Mode 1: Create Training Patches (Default)

# Using example config
ign-lidar-hd process \
  --config-file examples/config_training_dataset.yaml \
  input_dir=data/raw \
  output_dir=data/patches

# Or with CLI parameters
ign-lidar-hd process \
  input_dir=data/raw \
  output_dir=data/patches \
  output.processing_mode=patches_only

Mode 2: Both Patches & Enriched LAZ

ign-lidar-hd process \
  --config-file examples/config_complete.yaml \
  input_dir=data/raw \
  output_dir=data/both

Mode 3: LAZ Enrichment Only

ign-lidar-hd process \
  --config-file examples/config_quick_enrich.yaml \
  input_dir=data/raw \
  output_dir=data/enriched

⚠️ Note on Enriched LAZ Files: When generating enriched LAZ tile files, geometric features (normals, curvature, planarity, etc.) may show artifacts at tile boundaries due to the nature of the source data. These artifacts are inherent to tile-based processing and do not appear in patch exports, which provide the best results for machine learning applications. For optimal quality, use patches_only or both modes.
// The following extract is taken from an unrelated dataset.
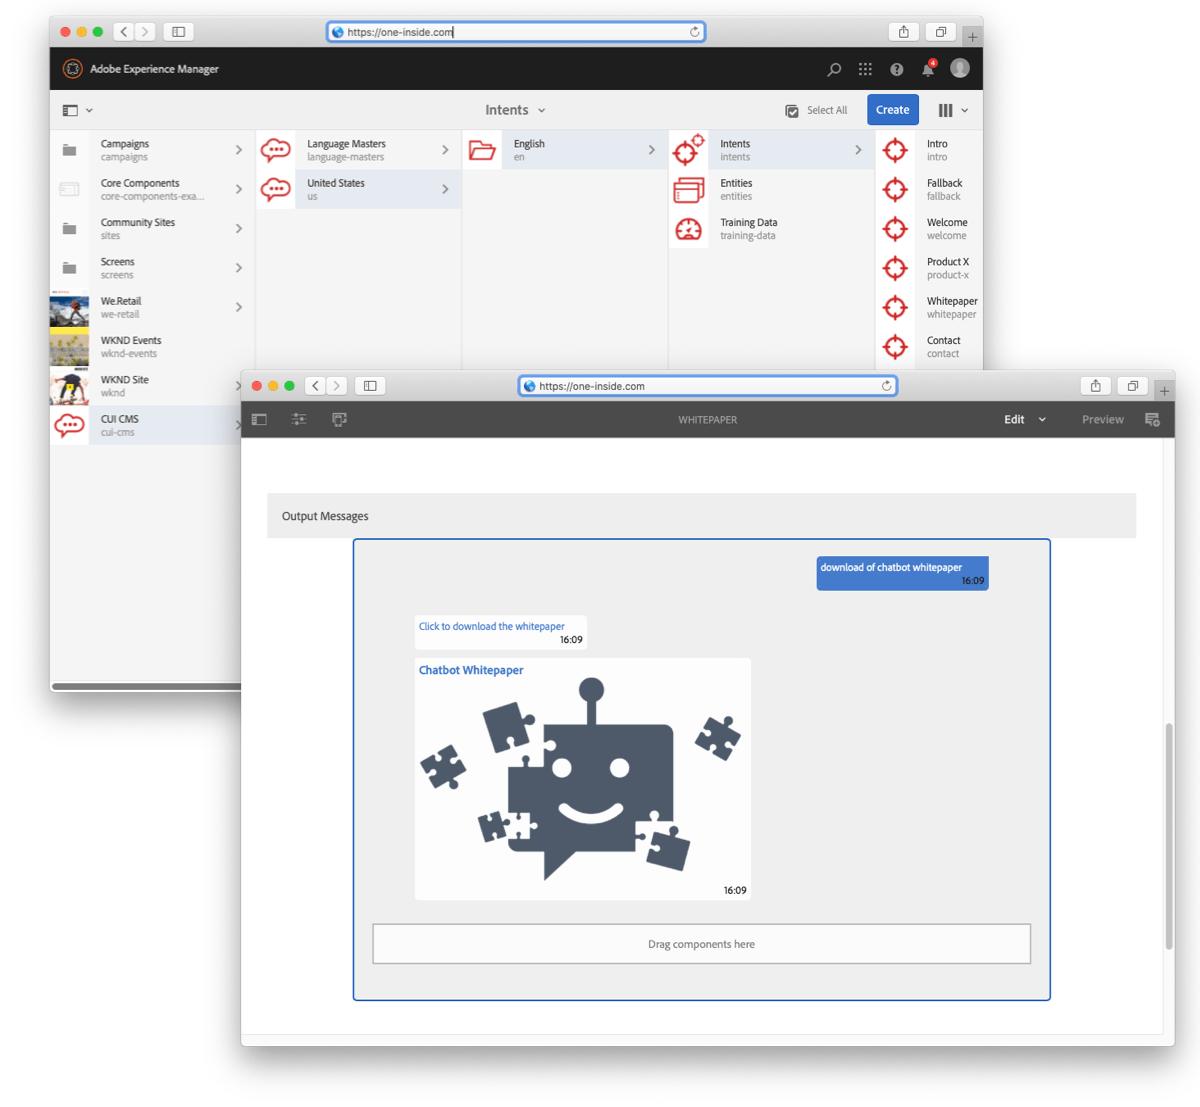 AEM Chatbot module -create content
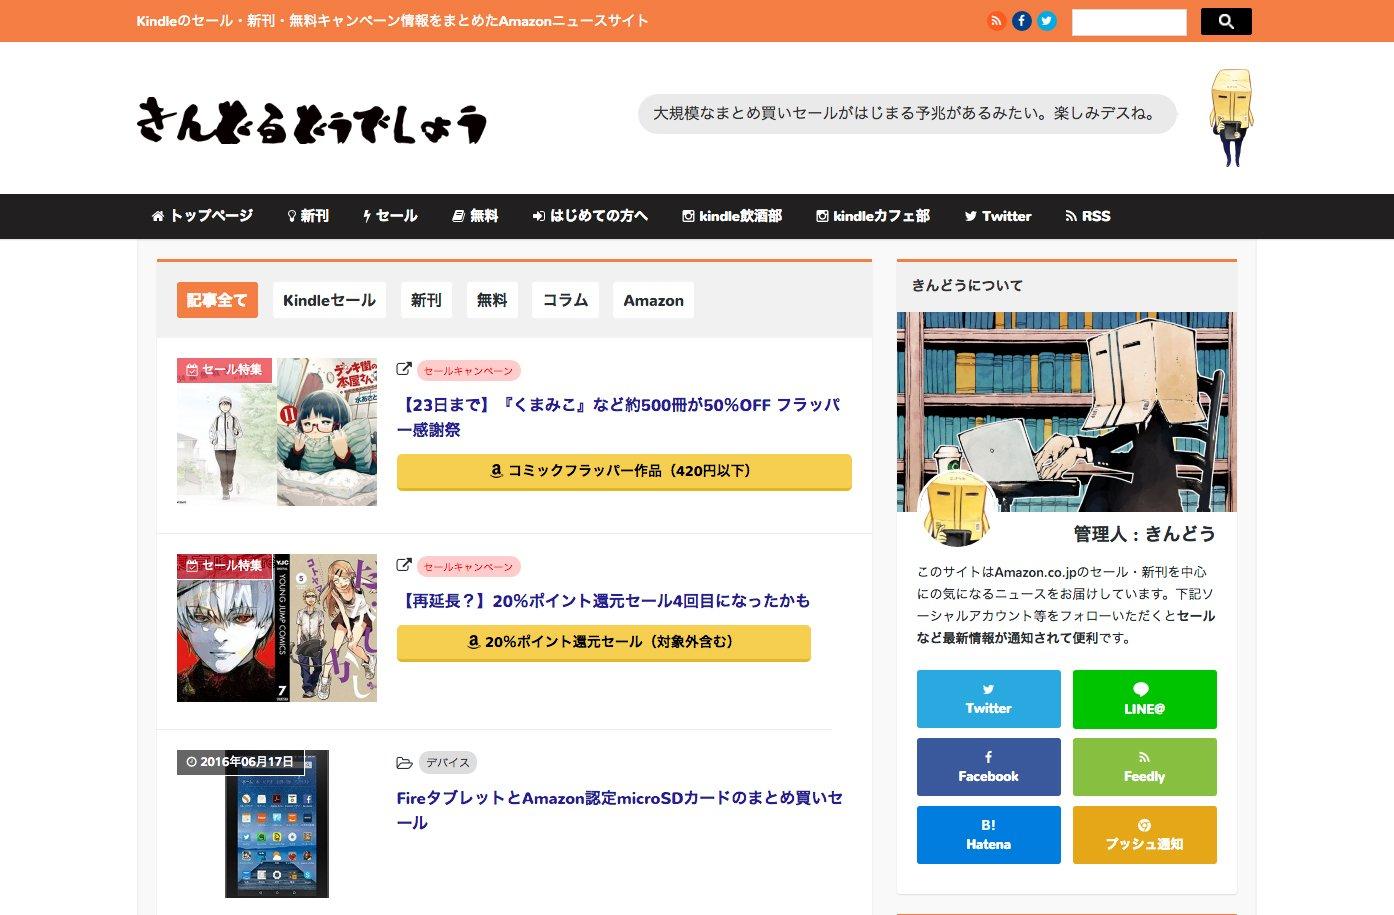 Kindleニュースサイト「きんどう」

GPU-Accelerated Processing

ign-lidar-hd process \
  --config-file examples/config_gpu_processing.yaml \
  input_dir=data/raw \
  output_dir=data/output

Preview Configuration

ign-lidar-hd process \
  --config-file examples/config_training_dataset.yaml \
  --show-config \
  input_dir=data/raw

Python API Examples

from ign_lidar import LiDARProcessor, IGNLiDARDownloader

# Download tiles
downloader = IGNLiDARDownloader("downloads/")
tiles = downloader.download_by_bbox(bbox=(2.3, 48.8, 2.4, 48.9), max_tiles=5)

# Process with custom config
processor = LiDARProcessor(
    lod_level="LOD3",
    patch_size=150.0,
    num_points=16384,
    use_gpu=True
)

# Single tile
patches = processor.process_tile("input.laz", "output/")

# Batch processing
patches = processor.process_directory("input_dir/", "output_dir/", num_workers=4)

# PyTorch integration
from torch.utils.data import DataLoader
dataset = LiDARPatchDataset("patches/")
dataloader = DataLoader(dataset, batch_size=32, shuffle=True)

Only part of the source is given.